# Overview
I aim to integrate [[Open Science]] best practices directly into my workflow, which is not just about making commitments to open science, but also making it easier on ourselves when we need to re-learn and make changes to old projects, or to make future changes that require re-generating all results. Here, I outline the tools and approaches I use to organize information about projects.
# Literature
- I manage academic literature through [Zotero](https://www.zotero.org/) with the appropriate [browser connector](https://www.zotero.org/download/connectors) for quickly grabbing paper metadata
- I jot down nots on the pdf/paper itself, but after reading an article I try to extract notes and summarize the article as a page in my [[Obsidian]] repository. Tags are added to each note and they are roughly organized into folders by general subject area.
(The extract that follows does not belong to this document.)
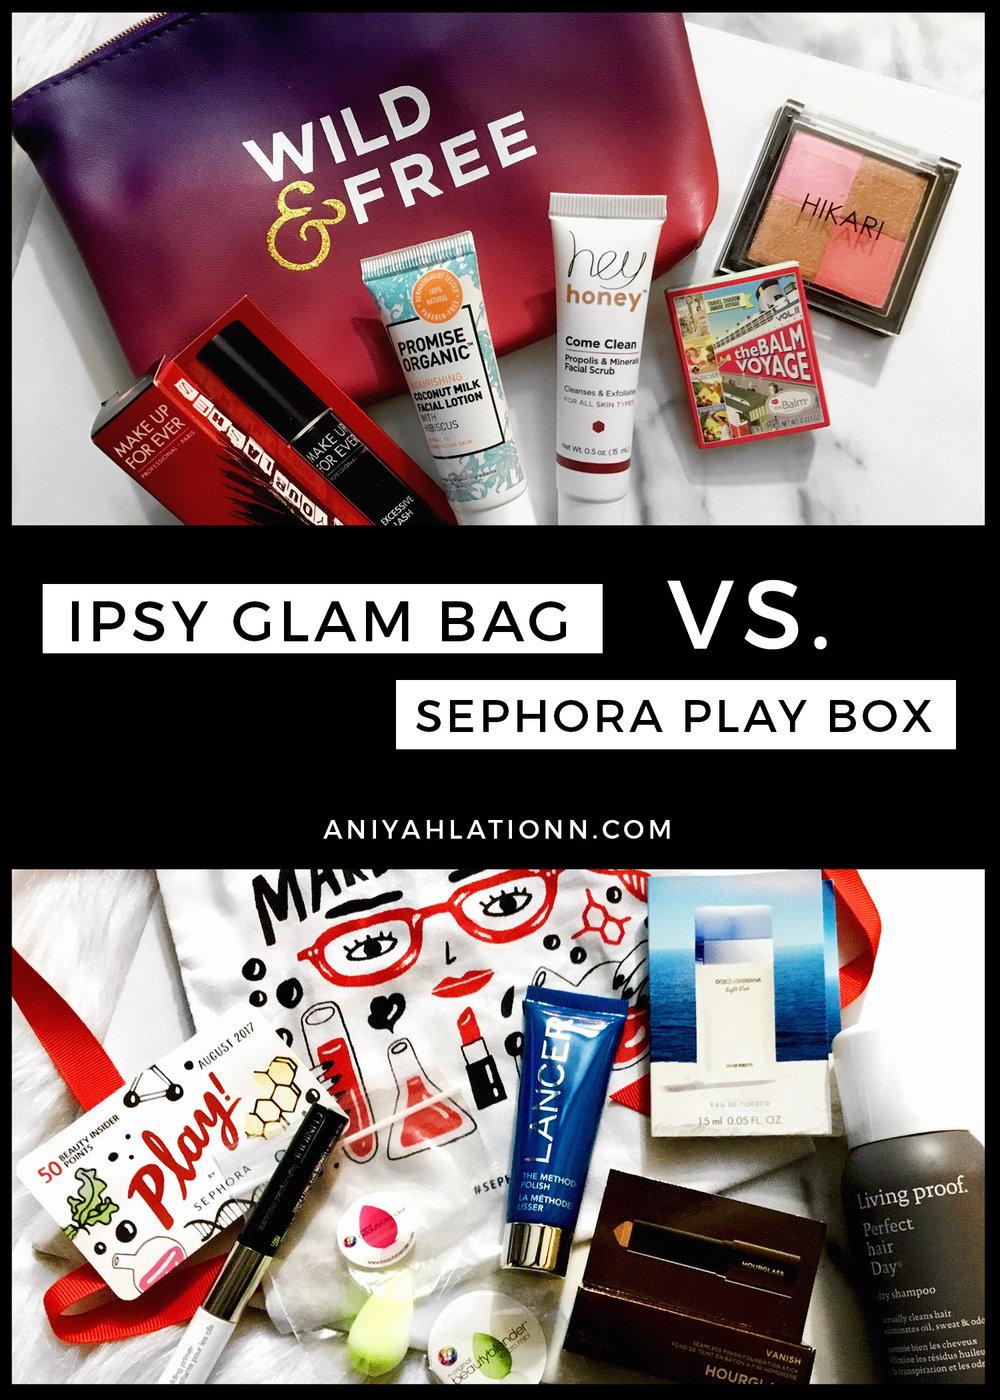 Sephora play Vs Ipsy Main Image.jpg

- For reading books, I strive (yet often fail) to follow Paul Edwards' guide ["How to Read a Book"](https://pne.people.si.umich.edu/PDF/howtoread.pdf).
# Data management
- Most files I store in Dropbox, which I pay a premium subscription for. All projects have a dropbox folder for large files, binaries, and assets such as presentations, e.g., things that should not be committed to a GitHub repository.
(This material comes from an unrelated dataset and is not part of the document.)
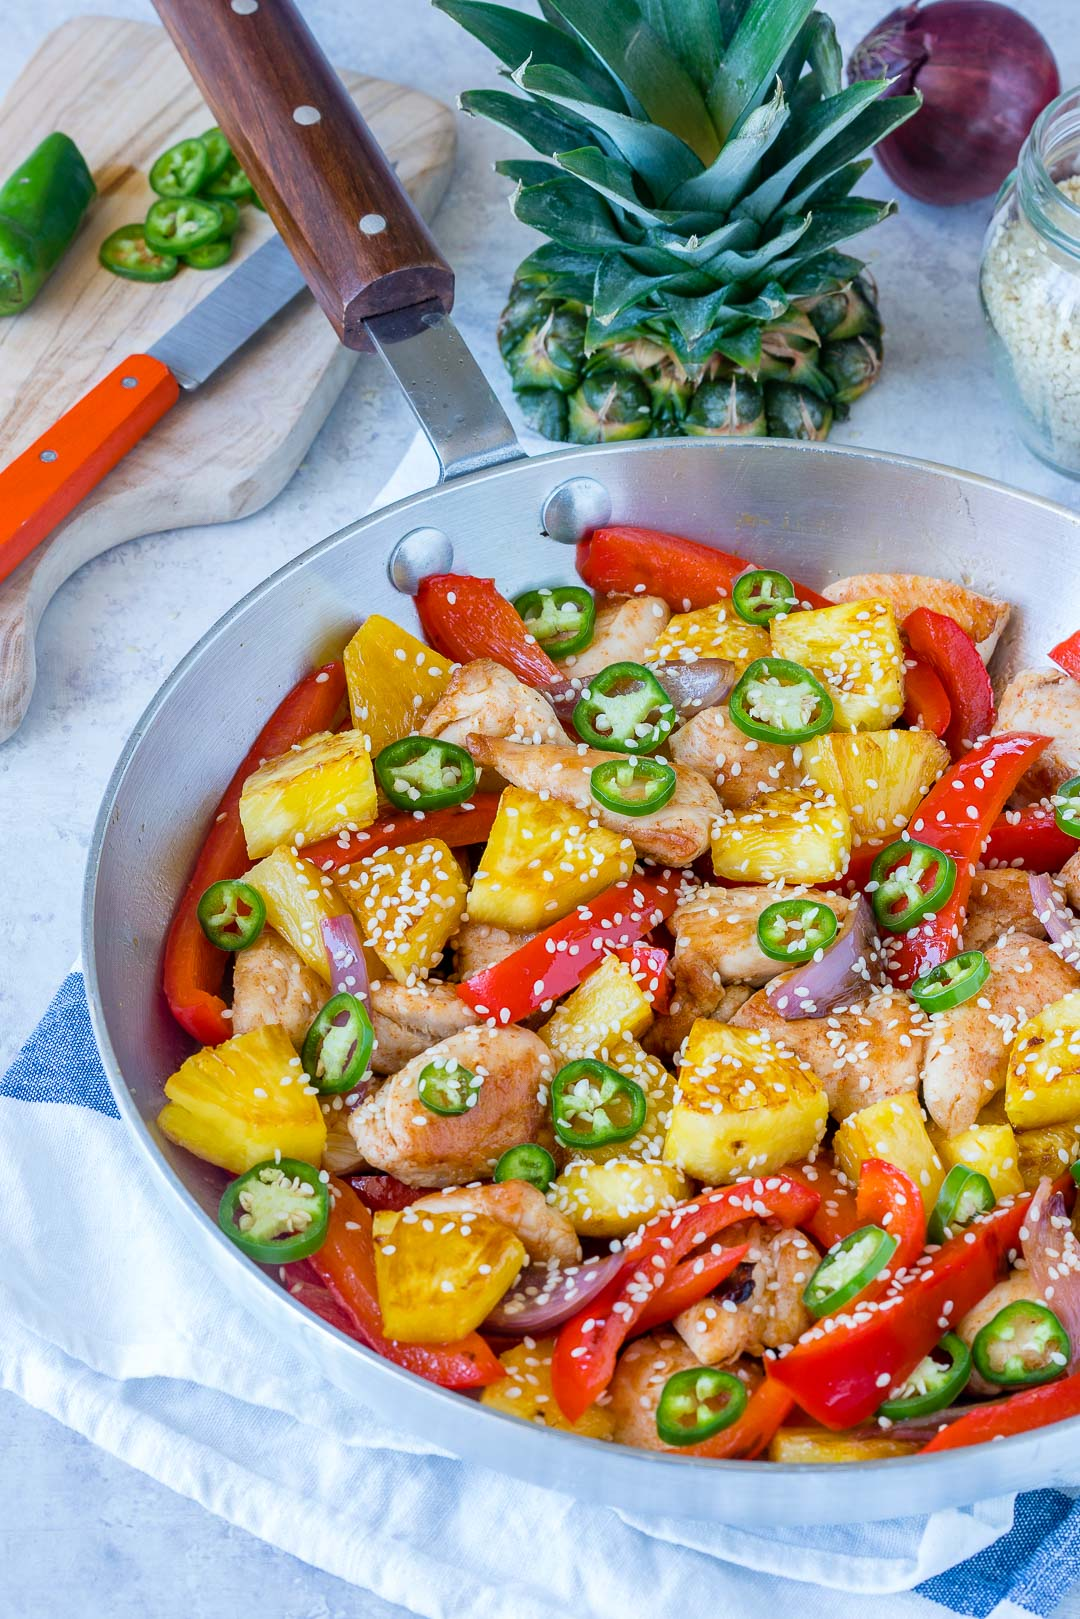 Healthy Sweet & Spicy Pineapple Chicken Skillet

- Very large files and database-organized data I stored on Google Cloud, and in particular Google BigQuery.
# Analytical projects
- I maintain a separate [GitHub] repository for every project. I generally start by forking [this project template](https://github.com/murrayds/project-template), which has a space for organizing just about everything we need in a project's lifecycle.
- I also maintain a separate [[Obsidian]] folder for each project, which contains notes, ideas, and summaries.
- I do initial analysis in Jupyter and R notebooks. My choice of python or R depends on use case; I'm generally more comfortable with data processing and visualization in R, but use Python for libraries and making use of certain libraries. Usually, I have `scratch.ipynb` and `scratch.rmd` files that I leave untracked on GitHub.
- Once I am happy with the direction of an analysis, I convert the notebook into a dedicated script.
- I strive to have a [[Snakemake]] pipeline that automates the entire workflow from raw data to final publication-ready figures.
- I try to make ample use of [[Conda]] environments to make code reproducible. As a next level, I'm also trying to use [Singularity](https://docs.sylabs.io/guides/3.5/user-guide/introduction.html) to containerize my code.
- I attempt to do as much as I can locally, but when not feasible, I run jobs on the [[Discovery SuperComputer]].
- In general, I strive to adhere to the [Documentation is Automation](https://cacm.acm.org/magazines/2018/6/228040-documentation-is-automation/abstract) philosophy, namely that even in places where code automation is not relevant, appropriate documentation of your methodology and approach is essential.
# Writing
- Initial writing I usually do in Google Docs due to how easy it is to access and use.
- When writing gets at all serious, I will switch to writing in LaTeX. While the standard [project template]([this project template](https://github.com/murrayds/project-template),) has a spot to put the files, I still prefer working with overleaf in most cases, due to its accessibility, collaboration features, and the fact that it hides much of the technical details of LaTeX compilation that so often cause headache.
# Collaboration
- Attempt to leave a paper trail for questions, which makes it easier to recall decisions later and to come to a consensus about priorities. Email is great for handling simple questions. Slack works for general chatter and back-and-forth.
- Specific analytical questions and bugs should be handled through the [[GitHub#Issues| GitHub issues]] system.